Step 4: Total height of the tree:

\[ H = h_1 + l = \frac{8\sqrt{3}}{3} + \frac{16\sqrt{3}}{3} = \frac{24\sqrt{3}}{3} = 8\sqrt{3} \text{ m} \]

Step 1: Let height of tower = \( h \) m. Horizontal distance = 30 m. Angle of elevation = 30°.

Step 2: Using tan:

\[ \tan 30° = \frac{h}{30} \]
\[ \frac{1}{\sqrt{3}} = \frac{h}{30} \]
\[ h = \frac{30}{\sqrt{3}} = \frac{30\sqrt{3}}{3} = 10\sqrt{3} \text{ m} \]

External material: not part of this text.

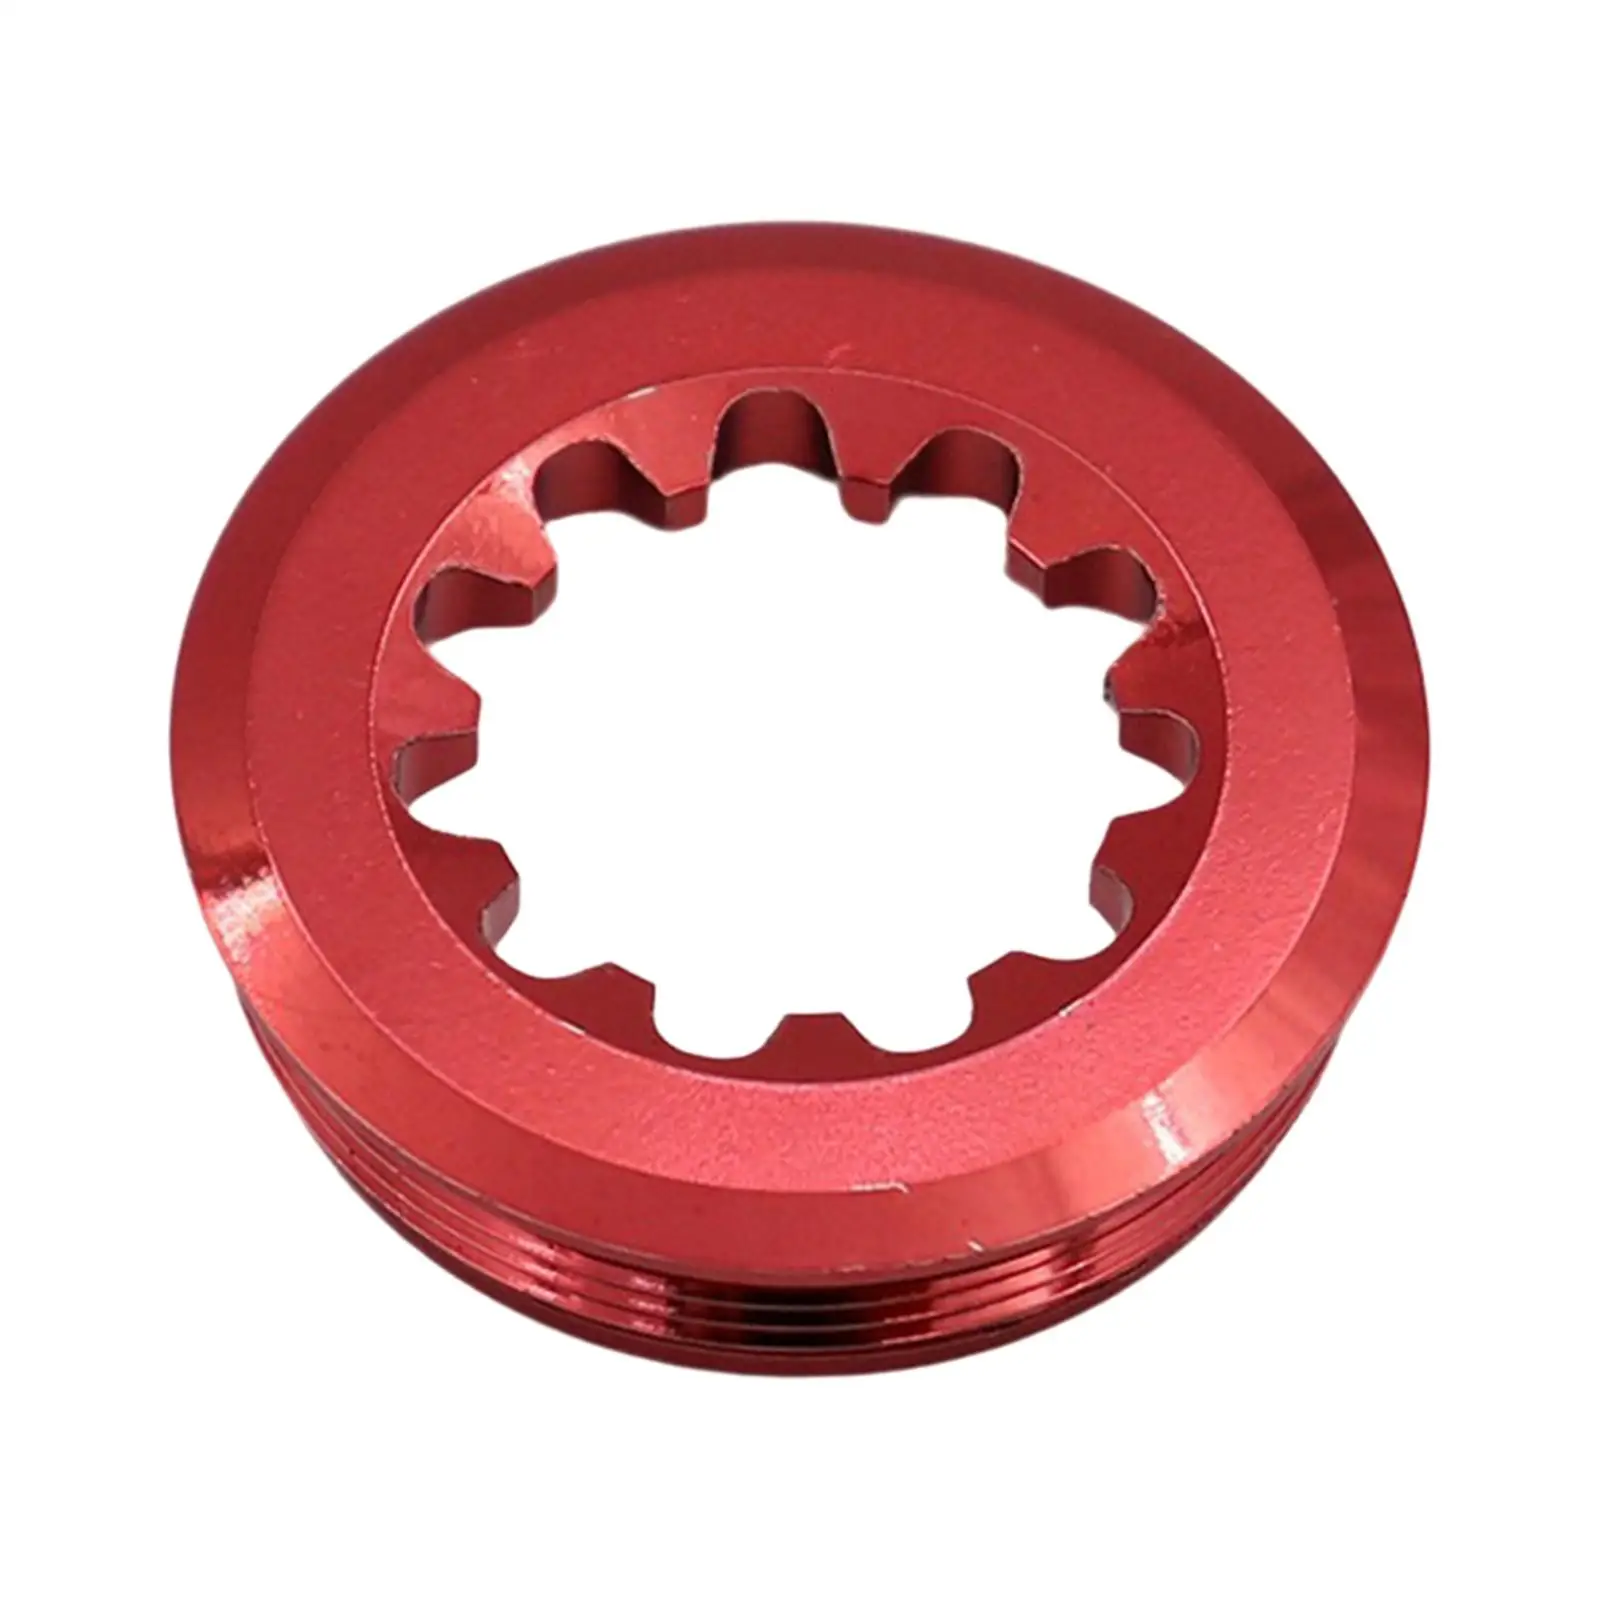 Bike Crankset Parts Crank Arm Bolt Bicycle Crank Cover Fixing Screw Chainwheel Screw for Mountain Road Bikes Cycling Accessories

Step 1: Height = 60 m (opposite side). String = hypotenuse = \( l \). Angle = 60°.

\[ \sin 60° = \frac{60}{l} \]
\[ \frac{\sqrt{3}}{2} = \frac{60}{l} \]
\[ l = \frac{60 \times 2}{\sqrt{3}} = \frac{120}{\sqrt{3}} = \frac{120\sqrt{3}}{3} = 40\sqrt{3} \text{ m} \]

Key Concept: Since the boy is 1.5 m tall, the effective height of the building from his eye level = 30 − 1.5 = 28.5 m.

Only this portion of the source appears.